Requirement = Work out how many lines in the material below hold "Photo", then give only that number.

★ ★ ★ ★

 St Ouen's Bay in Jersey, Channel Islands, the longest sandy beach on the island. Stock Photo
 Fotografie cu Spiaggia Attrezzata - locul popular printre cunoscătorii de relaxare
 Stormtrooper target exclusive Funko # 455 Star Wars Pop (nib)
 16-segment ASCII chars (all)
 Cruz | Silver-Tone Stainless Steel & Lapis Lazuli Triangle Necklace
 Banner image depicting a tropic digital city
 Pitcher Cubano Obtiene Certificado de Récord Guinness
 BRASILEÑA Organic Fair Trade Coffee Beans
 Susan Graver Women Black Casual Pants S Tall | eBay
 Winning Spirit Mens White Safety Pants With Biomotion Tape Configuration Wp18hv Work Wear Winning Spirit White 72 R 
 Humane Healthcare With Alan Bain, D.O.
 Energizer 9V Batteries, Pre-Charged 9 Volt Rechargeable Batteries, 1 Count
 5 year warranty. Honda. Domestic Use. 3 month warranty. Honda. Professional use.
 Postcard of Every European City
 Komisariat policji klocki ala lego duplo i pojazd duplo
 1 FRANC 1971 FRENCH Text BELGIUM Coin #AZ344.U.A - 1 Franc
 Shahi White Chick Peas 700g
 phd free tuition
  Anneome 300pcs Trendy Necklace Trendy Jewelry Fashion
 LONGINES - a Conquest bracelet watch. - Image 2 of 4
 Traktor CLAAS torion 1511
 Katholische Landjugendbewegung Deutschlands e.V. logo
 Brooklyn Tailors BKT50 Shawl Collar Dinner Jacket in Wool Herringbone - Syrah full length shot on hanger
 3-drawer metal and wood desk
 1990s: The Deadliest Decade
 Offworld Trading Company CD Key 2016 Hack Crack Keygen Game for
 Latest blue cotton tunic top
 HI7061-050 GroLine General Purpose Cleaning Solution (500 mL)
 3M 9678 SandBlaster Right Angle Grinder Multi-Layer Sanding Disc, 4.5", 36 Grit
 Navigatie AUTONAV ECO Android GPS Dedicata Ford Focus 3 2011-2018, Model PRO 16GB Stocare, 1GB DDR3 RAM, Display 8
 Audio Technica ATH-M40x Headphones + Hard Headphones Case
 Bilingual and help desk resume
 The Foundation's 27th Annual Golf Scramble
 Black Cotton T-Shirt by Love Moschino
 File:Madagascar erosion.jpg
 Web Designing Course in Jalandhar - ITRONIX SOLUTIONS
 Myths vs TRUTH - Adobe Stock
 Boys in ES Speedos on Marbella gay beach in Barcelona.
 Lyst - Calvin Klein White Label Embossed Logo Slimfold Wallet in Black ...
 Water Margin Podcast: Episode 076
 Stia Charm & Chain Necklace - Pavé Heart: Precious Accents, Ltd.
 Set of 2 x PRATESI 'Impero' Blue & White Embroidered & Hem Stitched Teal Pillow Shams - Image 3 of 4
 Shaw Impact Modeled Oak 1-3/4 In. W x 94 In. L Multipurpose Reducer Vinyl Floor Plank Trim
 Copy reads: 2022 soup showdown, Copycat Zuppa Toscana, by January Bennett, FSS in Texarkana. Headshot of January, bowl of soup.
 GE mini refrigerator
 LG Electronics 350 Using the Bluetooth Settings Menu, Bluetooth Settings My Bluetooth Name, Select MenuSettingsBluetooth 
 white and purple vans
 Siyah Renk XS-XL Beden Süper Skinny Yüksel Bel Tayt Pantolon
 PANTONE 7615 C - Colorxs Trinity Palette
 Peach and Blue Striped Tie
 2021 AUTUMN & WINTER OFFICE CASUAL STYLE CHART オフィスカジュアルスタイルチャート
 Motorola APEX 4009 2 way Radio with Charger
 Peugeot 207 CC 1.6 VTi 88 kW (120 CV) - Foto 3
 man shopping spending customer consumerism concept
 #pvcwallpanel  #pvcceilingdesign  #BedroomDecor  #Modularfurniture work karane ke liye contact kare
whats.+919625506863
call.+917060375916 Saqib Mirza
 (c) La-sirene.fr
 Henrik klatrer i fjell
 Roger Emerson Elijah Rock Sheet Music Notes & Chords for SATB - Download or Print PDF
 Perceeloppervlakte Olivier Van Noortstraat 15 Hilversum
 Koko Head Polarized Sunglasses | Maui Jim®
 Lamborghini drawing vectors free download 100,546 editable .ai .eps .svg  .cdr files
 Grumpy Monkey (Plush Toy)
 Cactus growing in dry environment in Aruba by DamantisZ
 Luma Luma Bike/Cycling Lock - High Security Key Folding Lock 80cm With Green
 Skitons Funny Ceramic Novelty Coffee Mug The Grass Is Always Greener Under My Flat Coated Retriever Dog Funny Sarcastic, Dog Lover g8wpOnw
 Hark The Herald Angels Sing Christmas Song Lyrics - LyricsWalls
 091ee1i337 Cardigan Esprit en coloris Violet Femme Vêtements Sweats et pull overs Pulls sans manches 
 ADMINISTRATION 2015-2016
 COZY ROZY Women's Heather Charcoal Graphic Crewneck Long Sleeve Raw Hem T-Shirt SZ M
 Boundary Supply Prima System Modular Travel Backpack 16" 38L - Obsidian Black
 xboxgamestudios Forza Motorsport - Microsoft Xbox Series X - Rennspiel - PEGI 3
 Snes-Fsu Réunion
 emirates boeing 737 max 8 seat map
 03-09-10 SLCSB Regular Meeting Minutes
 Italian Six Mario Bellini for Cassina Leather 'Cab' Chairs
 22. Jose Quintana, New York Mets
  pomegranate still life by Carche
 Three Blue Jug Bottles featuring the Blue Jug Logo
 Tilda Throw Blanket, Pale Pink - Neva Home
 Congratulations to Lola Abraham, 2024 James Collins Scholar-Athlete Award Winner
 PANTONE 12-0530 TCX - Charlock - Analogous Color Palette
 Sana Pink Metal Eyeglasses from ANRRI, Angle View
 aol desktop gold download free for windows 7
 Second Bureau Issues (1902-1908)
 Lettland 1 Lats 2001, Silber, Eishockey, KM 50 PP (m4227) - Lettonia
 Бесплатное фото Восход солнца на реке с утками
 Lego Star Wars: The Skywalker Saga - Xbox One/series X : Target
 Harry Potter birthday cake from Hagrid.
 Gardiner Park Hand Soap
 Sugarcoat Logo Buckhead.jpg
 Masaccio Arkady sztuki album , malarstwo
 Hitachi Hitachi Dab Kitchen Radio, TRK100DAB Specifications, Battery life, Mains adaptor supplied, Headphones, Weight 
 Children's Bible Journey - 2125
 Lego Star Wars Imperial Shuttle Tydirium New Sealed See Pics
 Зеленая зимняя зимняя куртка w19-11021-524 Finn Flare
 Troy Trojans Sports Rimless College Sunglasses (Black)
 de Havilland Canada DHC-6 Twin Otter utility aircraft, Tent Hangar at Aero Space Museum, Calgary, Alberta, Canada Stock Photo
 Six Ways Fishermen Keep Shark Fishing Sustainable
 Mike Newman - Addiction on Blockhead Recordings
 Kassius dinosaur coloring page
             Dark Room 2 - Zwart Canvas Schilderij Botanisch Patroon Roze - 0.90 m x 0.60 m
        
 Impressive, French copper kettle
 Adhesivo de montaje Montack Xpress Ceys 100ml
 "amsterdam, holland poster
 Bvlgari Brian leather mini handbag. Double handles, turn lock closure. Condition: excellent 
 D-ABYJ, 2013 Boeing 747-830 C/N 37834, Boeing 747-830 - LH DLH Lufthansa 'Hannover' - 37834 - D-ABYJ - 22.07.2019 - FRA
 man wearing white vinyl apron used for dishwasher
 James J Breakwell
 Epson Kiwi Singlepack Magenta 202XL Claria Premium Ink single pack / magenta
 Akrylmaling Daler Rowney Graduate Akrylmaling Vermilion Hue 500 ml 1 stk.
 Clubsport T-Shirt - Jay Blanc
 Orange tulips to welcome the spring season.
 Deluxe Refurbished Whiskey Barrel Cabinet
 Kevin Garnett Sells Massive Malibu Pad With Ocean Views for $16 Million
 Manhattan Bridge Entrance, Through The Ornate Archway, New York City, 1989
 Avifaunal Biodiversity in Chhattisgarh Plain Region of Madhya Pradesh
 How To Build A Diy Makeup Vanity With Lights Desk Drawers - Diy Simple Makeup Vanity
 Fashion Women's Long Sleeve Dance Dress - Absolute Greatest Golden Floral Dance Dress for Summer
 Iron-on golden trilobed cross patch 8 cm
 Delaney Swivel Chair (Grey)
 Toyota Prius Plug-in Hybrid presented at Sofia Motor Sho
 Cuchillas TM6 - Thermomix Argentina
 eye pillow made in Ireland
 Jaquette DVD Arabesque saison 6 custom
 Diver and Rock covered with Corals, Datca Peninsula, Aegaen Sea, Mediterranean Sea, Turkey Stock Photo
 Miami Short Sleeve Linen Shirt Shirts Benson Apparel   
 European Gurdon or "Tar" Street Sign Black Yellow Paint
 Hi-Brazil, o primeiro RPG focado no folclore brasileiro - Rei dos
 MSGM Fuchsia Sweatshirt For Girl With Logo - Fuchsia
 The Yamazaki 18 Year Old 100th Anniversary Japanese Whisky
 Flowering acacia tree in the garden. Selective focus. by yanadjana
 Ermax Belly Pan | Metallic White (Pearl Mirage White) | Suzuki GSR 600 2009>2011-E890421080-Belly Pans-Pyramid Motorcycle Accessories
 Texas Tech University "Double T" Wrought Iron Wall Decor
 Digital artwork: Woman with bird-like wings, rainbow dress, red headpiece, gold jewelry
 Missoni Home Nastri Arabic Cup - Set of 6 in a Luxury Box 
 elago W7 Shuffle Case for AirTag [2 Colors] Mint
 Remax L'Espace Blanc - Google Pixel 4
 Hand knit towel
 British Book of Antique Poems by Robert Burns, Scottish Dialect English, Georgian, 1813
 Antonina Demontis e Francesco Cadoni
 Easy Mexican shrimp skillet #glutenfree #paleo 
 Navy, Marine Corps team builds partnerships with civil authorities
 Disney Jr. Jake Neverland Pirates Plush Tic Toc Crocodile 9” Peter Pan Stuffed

★ ★ ★ ★

Answer = 3